Ciel 2 Tracking

Jens Satre sent me a note that he put in a patch in that corrected the date error for 2009 TLE's (still some problems with Epochs from 2008 that he has yet to fix). It works fine on Ciel with all the drift rates, locations, oscillations, etc reporting correctly.

satellite-calculations.com

Still not working for me (showing Long = 99.something).

Brad
 
E5 seems to have made space. It's now at 128.8.

Time to start monitoring TPs 20, 24, 25, 26, and 29 (the inop/off TPs of E5) for activity. If you see signal here, you know it's from Ciel-2.
 
Is there some information about which transponders they will use for CONUS beam, and if those are going to be in HD or SD?
 
TPs 1-17 spot, 17-32 CONUS. (17 is switchable)

Transponder doesn't care if it is broadcasting HD or SD, but we'll see mostly HD on Ciel-2, perhaps with the exception of some SD locals.
 
The last epoch was at around 11 PM MST on Jan 26. The drift rate is still at around 2 degrees per day. I am thinking the next reading will show this guy slowing down ...
 
Why would they slow it down at all? If a 5 minute burn (just for the sake of discussion) took it from 0 deg per day to 2 deg per day, then wouldn't they just do another 5 minute burn the opposite way when they were 5 minutes away from 129?

Point being, why do 5, 1 minute burns and slow it down over hours instead of a single burn at the right time?
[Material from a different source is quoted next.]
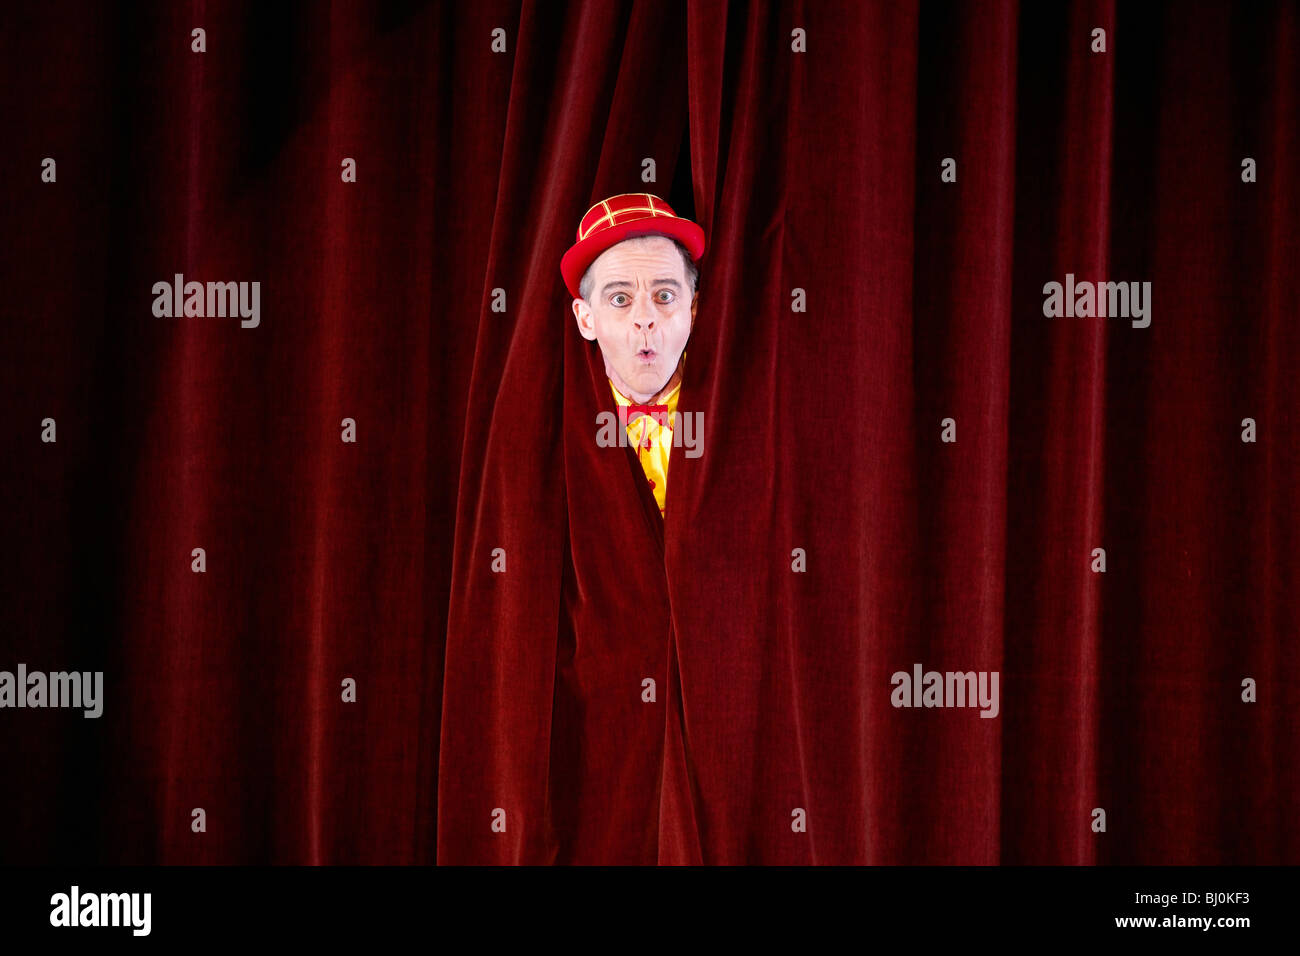 clown on stage peeking through curtain Stock Photo

Replace 5 minutes with 30 seconds or 2 hours or whatever it really is.
 
It's the same as slowing down gradually to a stop light vs. locking up the brakes at the last possible moment. You'll hit the same mark, but the first one gives a lot more room to correct for error.
 
I didn't think it was the same. I thought that since the amount of thrust could be measured so exactly there really would be no error.

Part of the reason I slow down at a stop light is because I'm burning fuel the whole time I rush up to it. Slamming on the breaks is wasting gas. Even if I didn't care about that, I really can't be 100% sure how much pressure I'm giving to the breaks, how well the tires and road will grip, etc.. I don't know much pressure will be needed to stop the motion.

In space, all of that is removed. 200 lbs of thrust to the east should be exactly canceled by 200 lbs of thrust to the west, right? Just trying to understand better.